Originally Posted by

**abender** $\displaystyle f(x)=(x-2)^3$

$\displaystyle y=(x-2)^3$

Switching $\displaystyle x$ and $\displaystyle y$:

$\displaystyle x = (y-2)^3$

Now, to solve for $\displaystyle y$, raise both sides to the $\displaystyle \tfrac{1}{3}$ power:

$\displaystyle x^{\frac{1}{3}} = ((y-2)^3)^{\frac{1}{3}}$

$\displaystyle x^{\frac{1}{3}} = y-2 \implies y = x^{\frac{1}{3}}+2$

REMEMBER, the cube root is the same as the one-third power, just like the square root of a number is the same as the number raised to the one-half.

Oh, I get it. The "cube root is the same as one-third power" messed me up. Way clearer now. I was trying to do it with: (y-2)(y-2)(y-2).

Quote:

Originally Posted by

**abender** Do you mean $\displaystyle y^{2}x$?

Yes.

Re: 8 problems that I can't understand after trying for days and looking examples onl

**Question 8:**

A simple Google search for "log properties" yields Logarithmic Properties -- LEARN ALL OF THESE!

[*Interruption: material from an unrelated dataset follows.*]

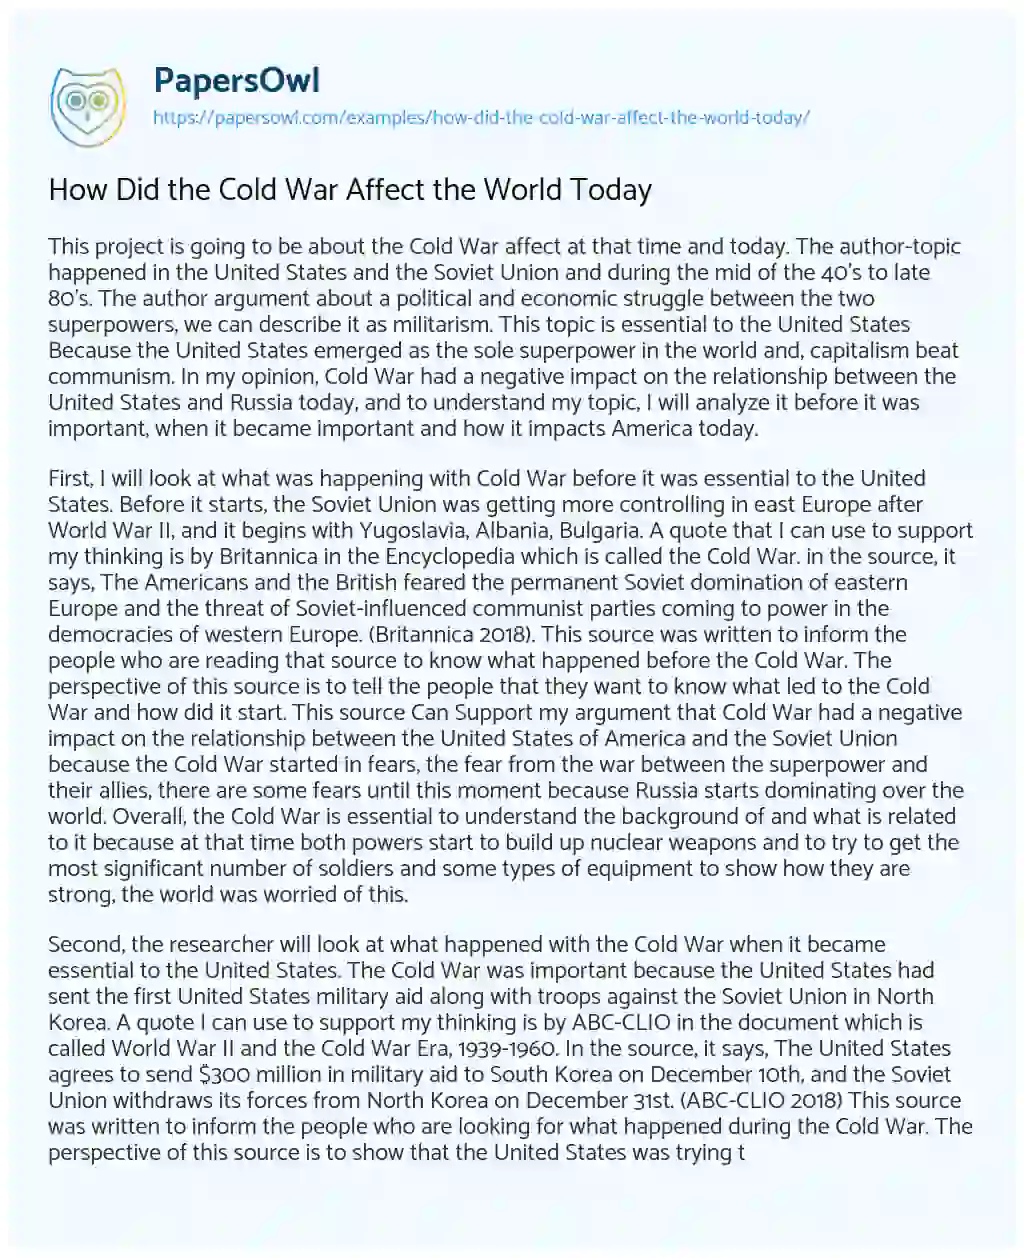 Essay on How did the Cold War Affect the World Today

**These properties must be understood to solve this problem:**

1) $\displaystyle \log_b(xy) = \log_b(x) + \log_b(y)$

2) $\displaystyle \log_b(\tfrac{x}{y}) = \log_b(x) - \log_b(y)$

3) $\displaystyle \log_b(x^n) = n\log_b(x)$

First, change $\displaystyle \displaystyle^8\sqrt{7}$ to $\displaystyle 7^{\tfrac{1}{8}}$, which I explained earlier.

$\displaystyle \small{\log_{15}\frac{7^{\frac{1}{8}}}{y^2x} = \color{red}\log_{15}(7^{\frac{1}{8}}) \color{black} - \color{blue}\log_{15}(y^2x)\color{black} = \color{red}\frac{1}{8}\log_{15}(7)\color{black} - \color{blue} \left(\underbrace{\log_{15}(y^2)}_{\text{Same as }2\log_{15}(y)} + \log_{15}(x) \right) \color{black}= \tfrac{1}{8}\log_{15}(7) - 2\log_{15}(y) - \log_{15}(x)}$

Re: 8 problems that I can't understand after trying for days and looking examples onl

abender, I am just letting you know that I took the test and I nailed it! Never did I do a test better than this one. And you helped me a lot, those problems that you helped me solve and understand, were in the test and you are the reason that I knew how to do them and do them correctly. Thank you again! Happy holidays!